Bob
Bob

Reputation: 1396

Adding Elements from a List of Lists to a Set?

I'm attempting to add elements from a list of lists into a set. For example if I had

new_list=[['blue','purple'],['black','orange','red'],['green']]

How would I receive

new_set=(['blue','purple'],['black','orange','red'],['green'])

I'm trying to do this so I can use intersection to find out what elements appear in 2 sets. I thought this would work...

results=set()
results2=set()
for element in new_list:
    results.add(element)

for element in new_list2:
    results2.add(element)
results3=results.intersection(results2)

but I keep receiving:

TypeError: unhashable type: 'list' 

for some reason.

Upvotes: 0

Views: 1683

Answers (3)

abarnert
abarnert

Reputation: 365717

How would I receive

new_set=(['blue','purple'],['black','orange','red'],['green'])

Well, despite the misleading name, that's not a set of anything, that's a tuple of lists. To convert a list of lists into a tuple of lists:

new_set = tuple(new_list)

Maybe you wanted to receive this?

new_set=set([['blue','purple'],['black','orange','red'],['green']])

If so… you can't. A set cannot contain unhashable values like lists.
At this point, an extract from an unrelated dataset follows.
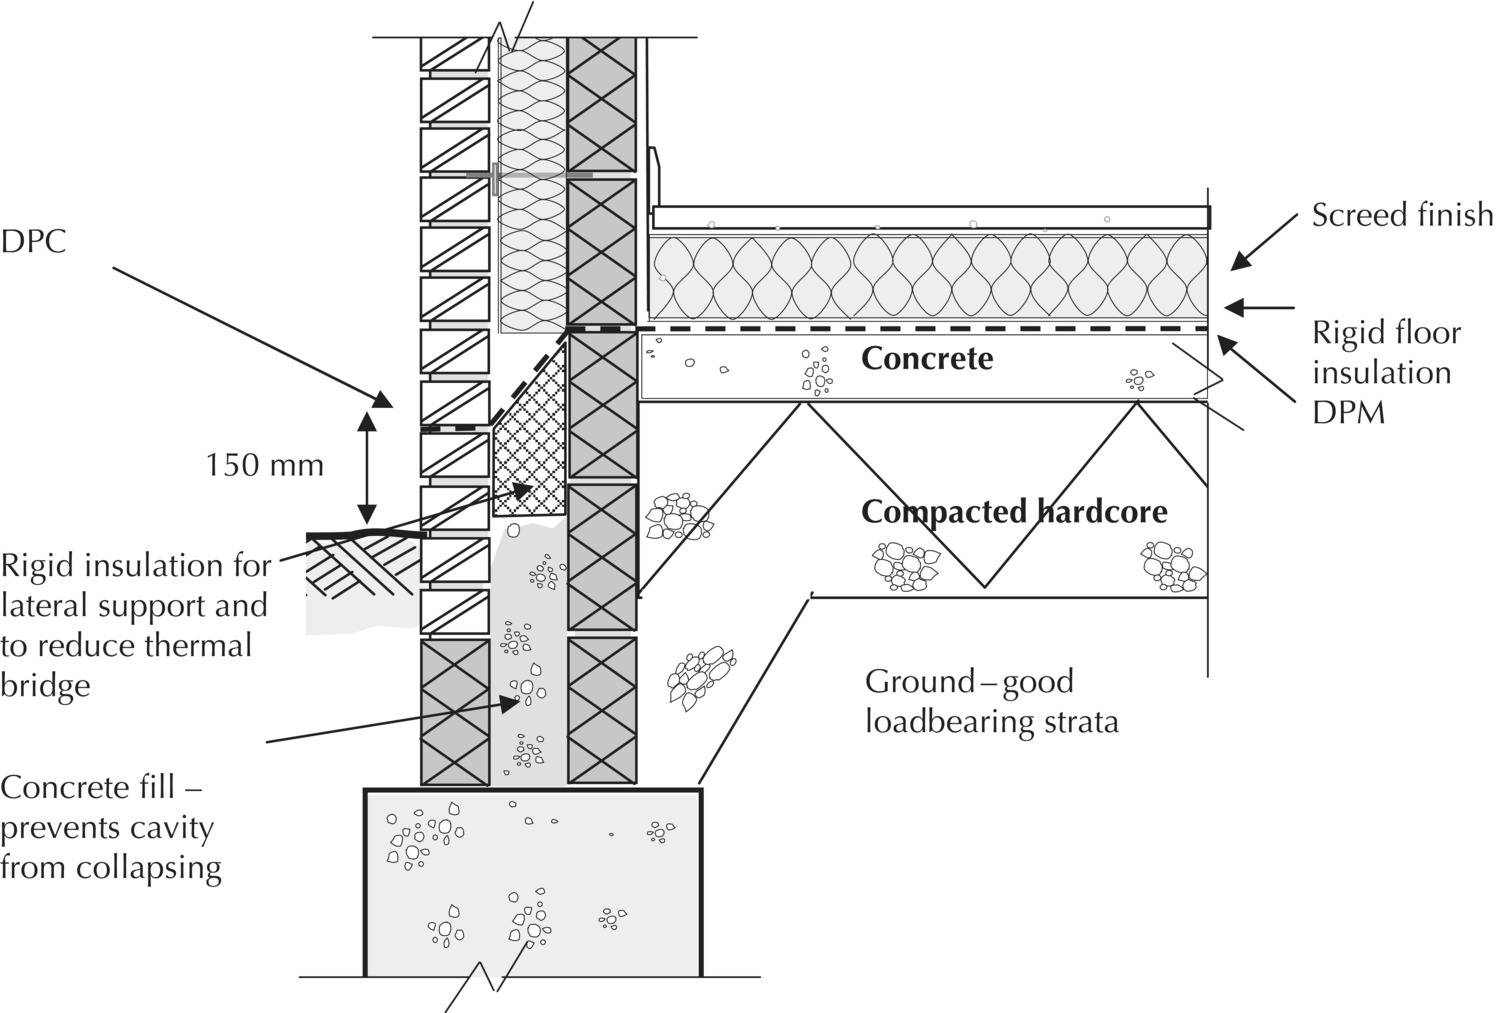 Diagram of DPC – cavity tray with rigid insulation, with parts labeled concrete, compacted hardcore, ground–good loadbearing strata, screed finish, rigid floor insulation, concrete fill, DPM, etc.

That's what the TypeError is telling you.

If this weren't a problem, all you'd have to do is write:

new_set = set(new_list)

And anything more complicated you write will have exactly the same problem as just calling set, so there's no tricky way around it.


Of course you can have a set of tuples, since they're hashable. So, maybe you wanted this:

new_set=set([('blue','purple'),('black','orange','red'),('green')])

That's easy too. Assuming your inner lists are guaranteed to contain nothing but strings (or other hashable values), as in your example it's just:

new_set = set(map(tuple, new_list))

Or, if you use a sort-based set class, you don't need hashable values, just fully-ordered values. For example:

new_set = sortedset(new_list)

Python doesn't come with such a thing in the standard library, but there are some great third-party implementations you can install, like blist.sortedset or bintrees.FastRBTree.

Of course sorted-set operations aren't quite as fast as hash operations in general, but often they're more than good enough. (For a concrete example, if you have 1 million items in the list, hashing will make each lookup 1 million times faster; sorting will only make it 50,000 times faster.)


Basically, any output you can describe or give an example of, we can tell you how to get that, or that it isn't a valid object you can get… but first you have to tell us what you actually want.


By the way, if you're wondering why lists aren't hashable, it's just because they're mutable. If you're wondering why most mutable types aren't hashable, the FAQ explains that.

Upvotes: 3

Gopher
Gopher

Reputation: 21

Make the element a tuple before adding it to the set:

new_list=[['blue','purple'],['black','orange','red'],['green']]
new_list2=[['blue','purple'],['black','green','red'],['orange']]

results=set()
results2=set()
for element in new_list:
    results.add(tuple(element))

for element in new_list2:
    results2.add(tuple(element))

results3=results.intersection(results2)
print results3

results in:

set([('blue', 'purple')])

Set elements have to be hashable.

  • for adding lists to a set, instead use tuple
  • for adding sets to a set, instead use frozenset

Upvotes: 1

Ashwini Chaudhary
Ashwini Chaudhary

Reputation: 250951

Convert the inner lists to tuples, as sets allow you to store only hashable(immutable) objects:

In [72]: new_list=[['blue','purple'],['black','orange','red'],['green']]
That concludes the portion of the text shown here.